“As for those who might contemplate future service as plan fiduciaries, all I can say is: Good luck.”
That was the sentiment expressed in a blistering dissent by Fourth Circuit Judge J. Harvie Wilkinson in the latest ruling in a lawsuit challenging the decision by the fiduicaries of the RJR 401(k) plan to liquidate two stock funds that previously had been available to plan participants wishing to invest in Nabisco stock. Tatum v. RJR Pension Inv. Committee et al., No. 13-1360, 2014 WL 3805677 (4th Cir. Aug. 4, 2014). In a split decision, the panel ruled that, because plaintiff-participant Richard Tatum had proved that the plan fiduciaries acted imprudently by liquidating the stock fund without the benefit of a proper investigation, the burden of proof shifted to defendants to show that a prudent fiduciary would have made the same decision. In so ruling, the Court reversed the lower court decision, which had found in favor of defendants after a bench trial upon finding that they had demonstrated that a prudent fiduciary could have made the same decision.
The Fourth Circuit’s decision makes a number of significant statements and rulings on the burdens of proof related to loss causation, the meaning of “objective prudence,” and the standards for reviewing decisions pertaining to stock funds in the wake of the Supreme Court’s ruling in Fifth Third v. Dudenhoeffer. Some of the Court’s pronouncements are difficult to reconcile with existing case law. If not set aside on en banc or Supreme Court review and if adopted elsewhere, the decision could substantially impact the future conduct of fiduciary breach litigation, as well as plan practices in administering stock funds.
For many years, RJR Nabisco—the product of the merger of Nabisco and R.J. Reynolds Tobacco—sponsored a 401(k) plan, which consisted of six diversified funds and two undiversified funds:
- The Nabisco Common Stock Fund, consisting of stock in the food business, and
- The RJR Nabisco Common Stock Fund, consisting of stock in the food and tobacco businesses.
In March 1999, the merged company decided to spin off its tobacco business, R.J. Reynolds, from its food business, Nabisco.

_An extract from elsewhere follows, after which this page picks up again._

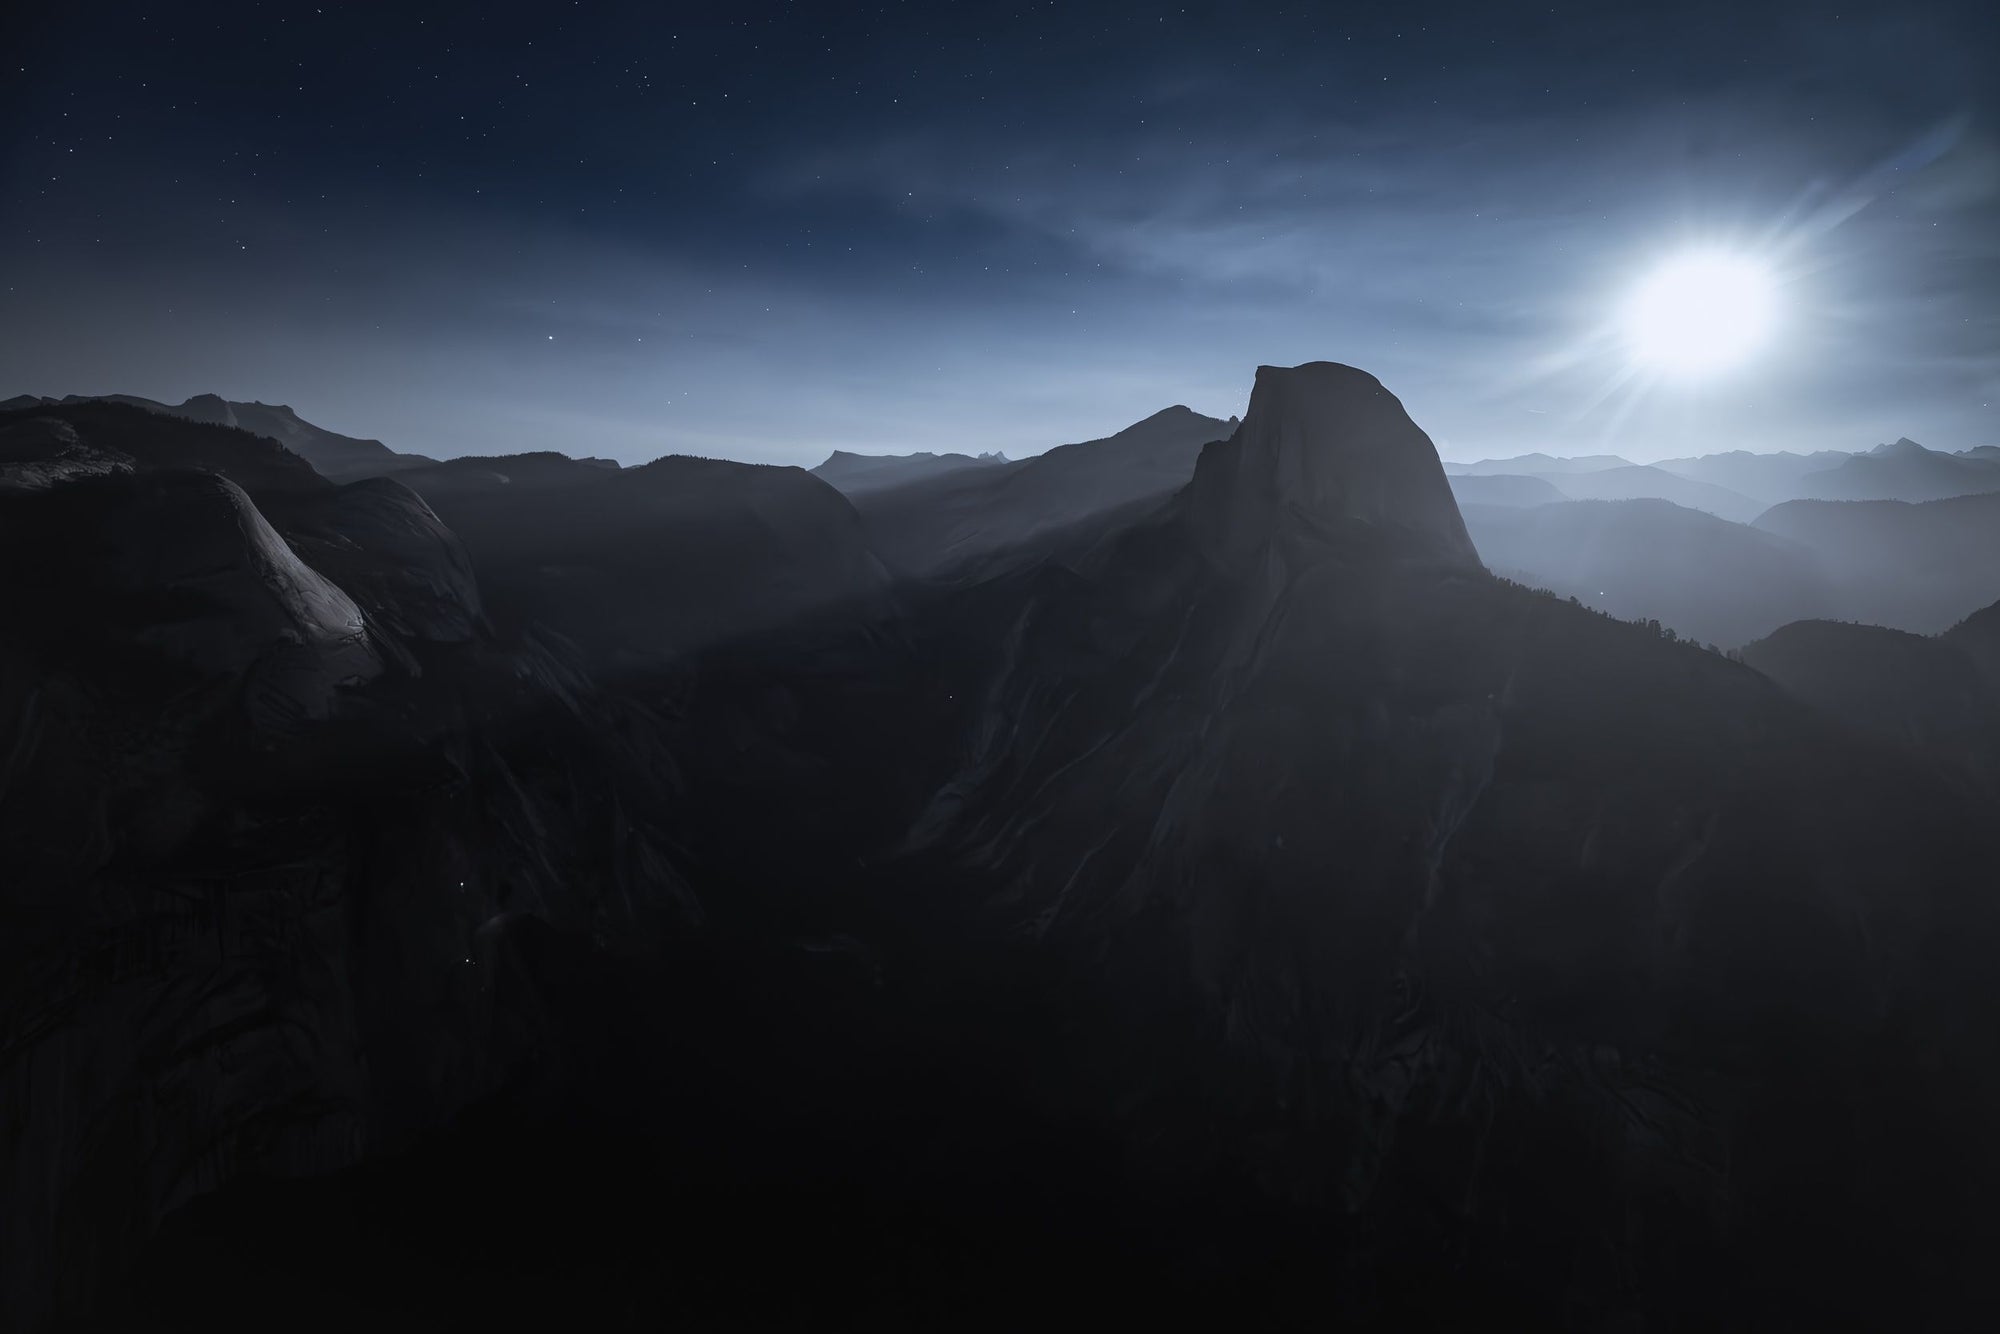 A full moon rises above Half Dome in Yosemite.
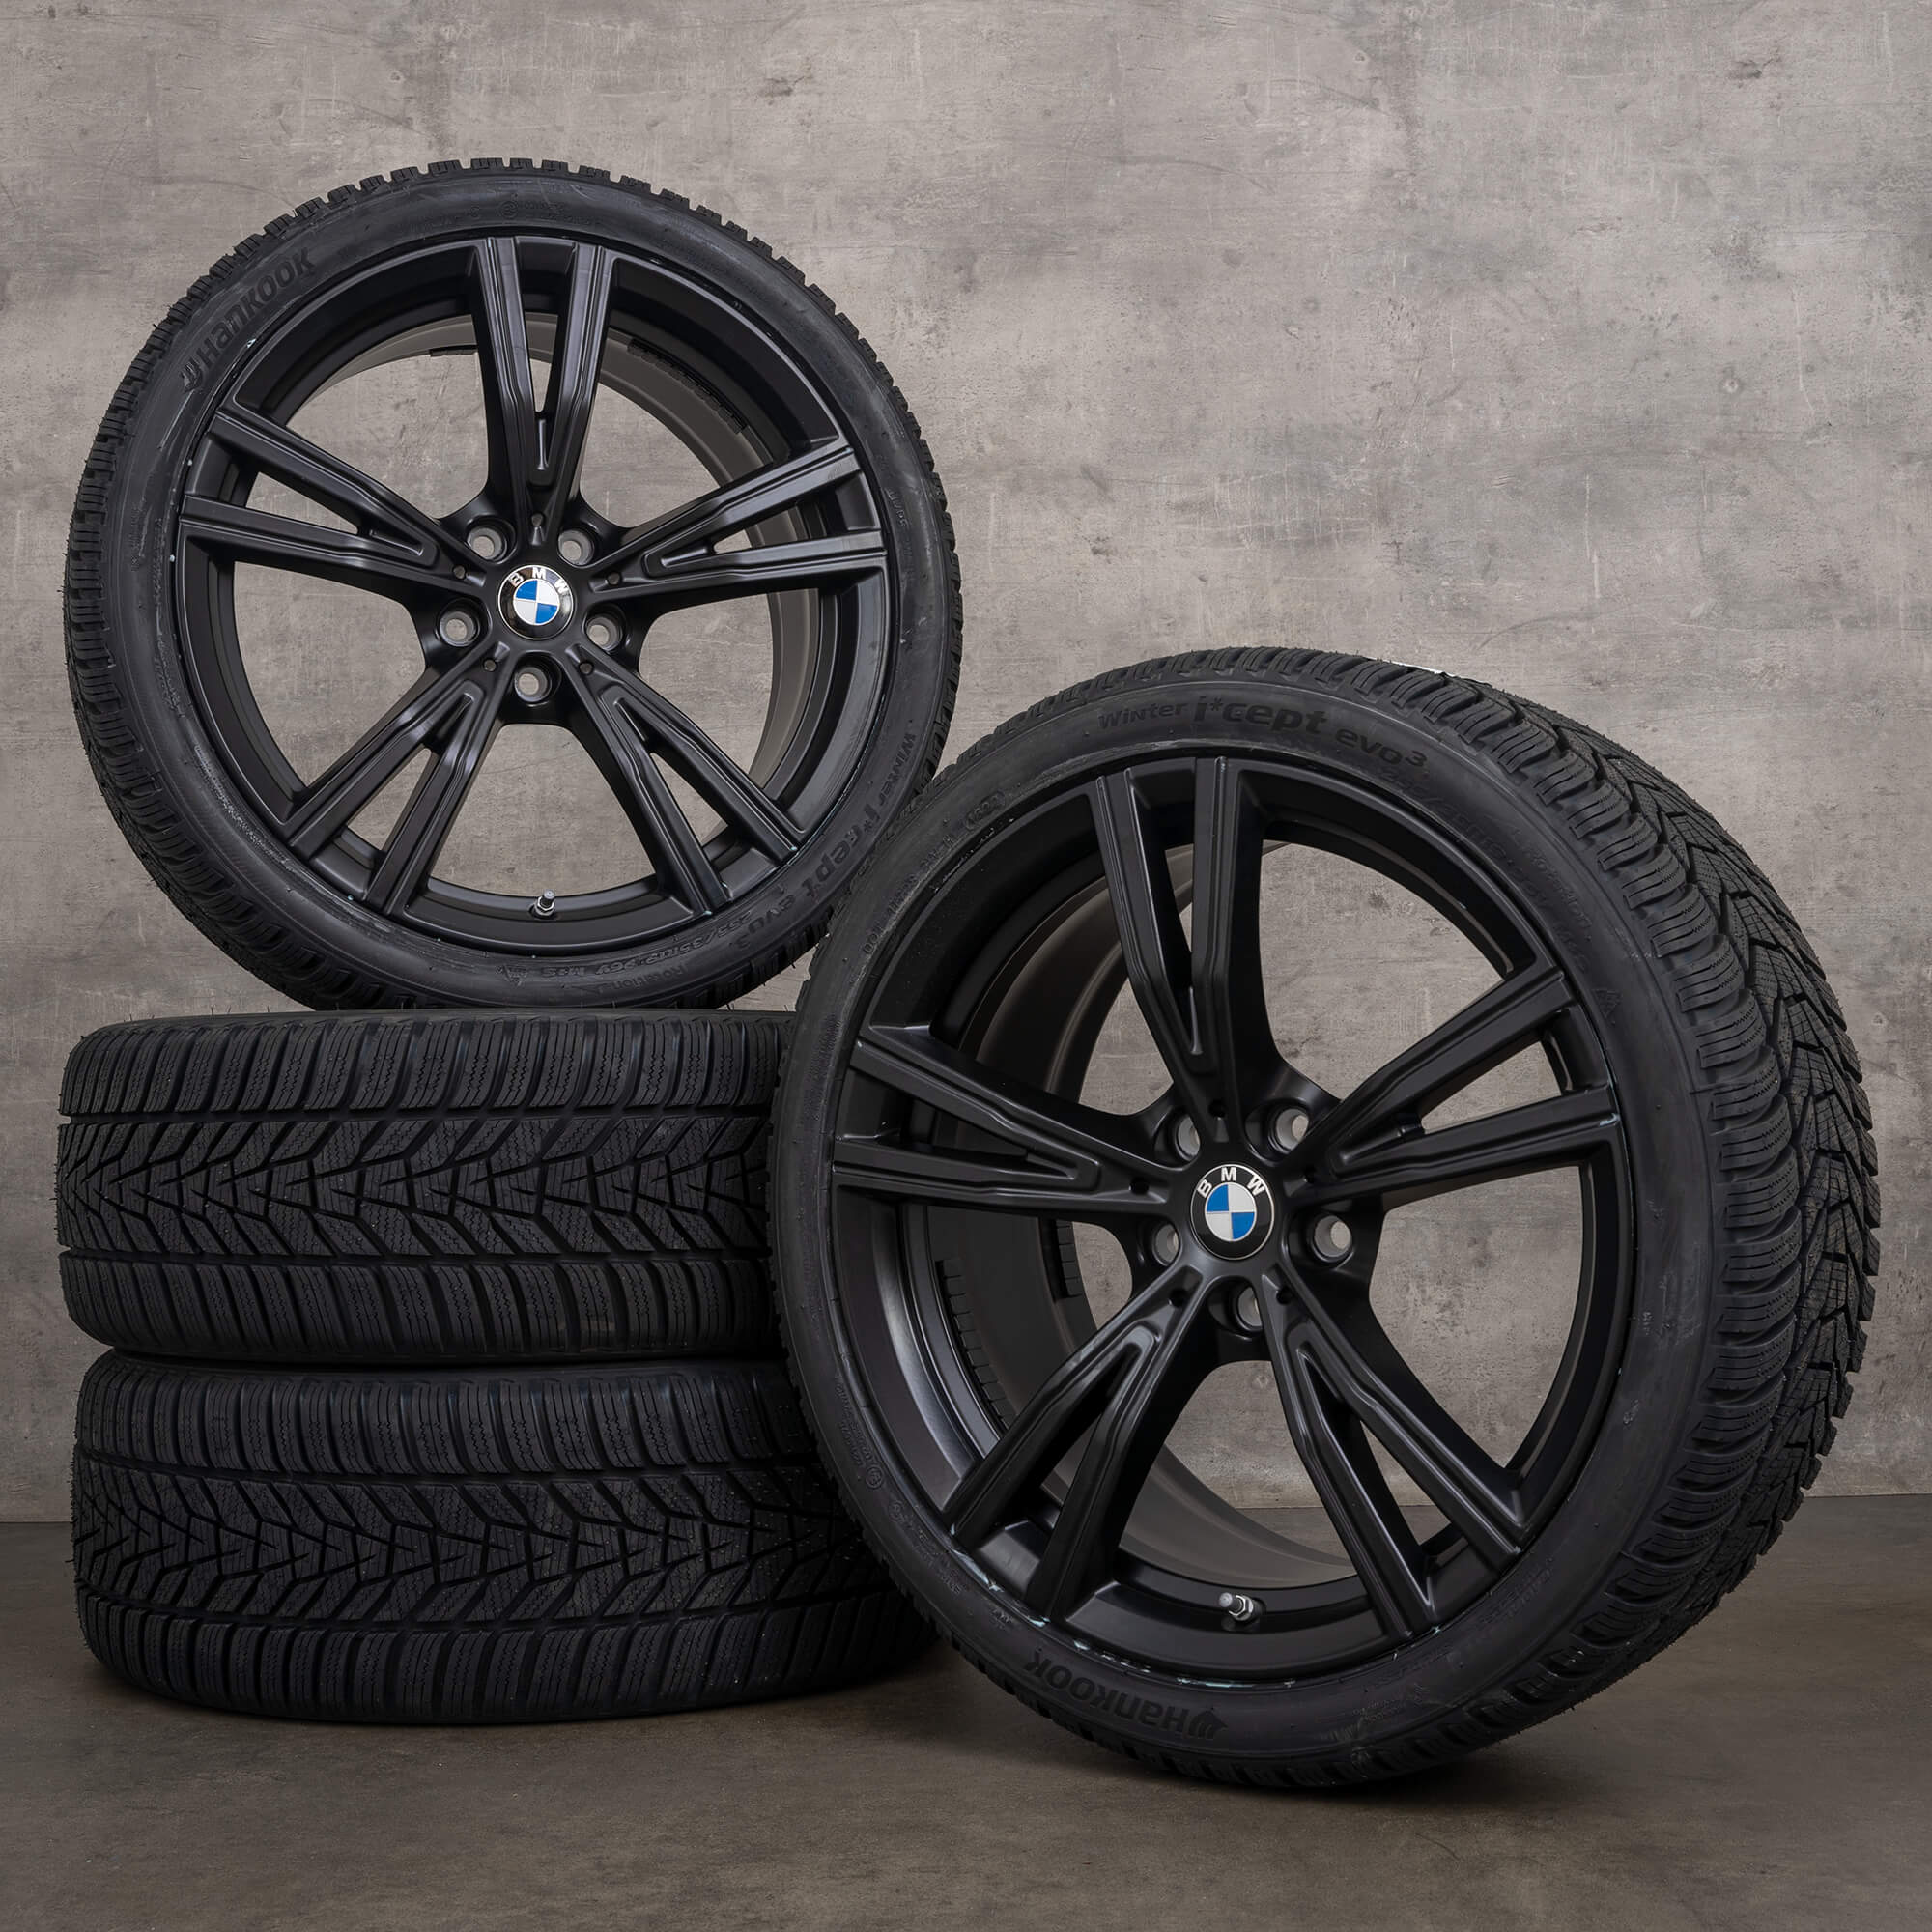 BMW 3 Series G20 G21 4 G22 G23 winter tires wheels 19 inch rims styling 793i

The decision was prompted by R.J. Reynolds’ exposure to tobacco litigation and the negative effect it was having on the company’s stock price—a phenomenon referred to as the “tobacco taint.”
The 401(k) plan at issue (the “Plan”) was created on the date of the spin-off by RJR for the benefit of RJR employees. The Plan designated a benefits committee as being responsible for making Plan amendments, and an investment committee as being responsible for Plan investments. For simplicity’s sake, these committees and RJR are collectively referred to as “RJR.”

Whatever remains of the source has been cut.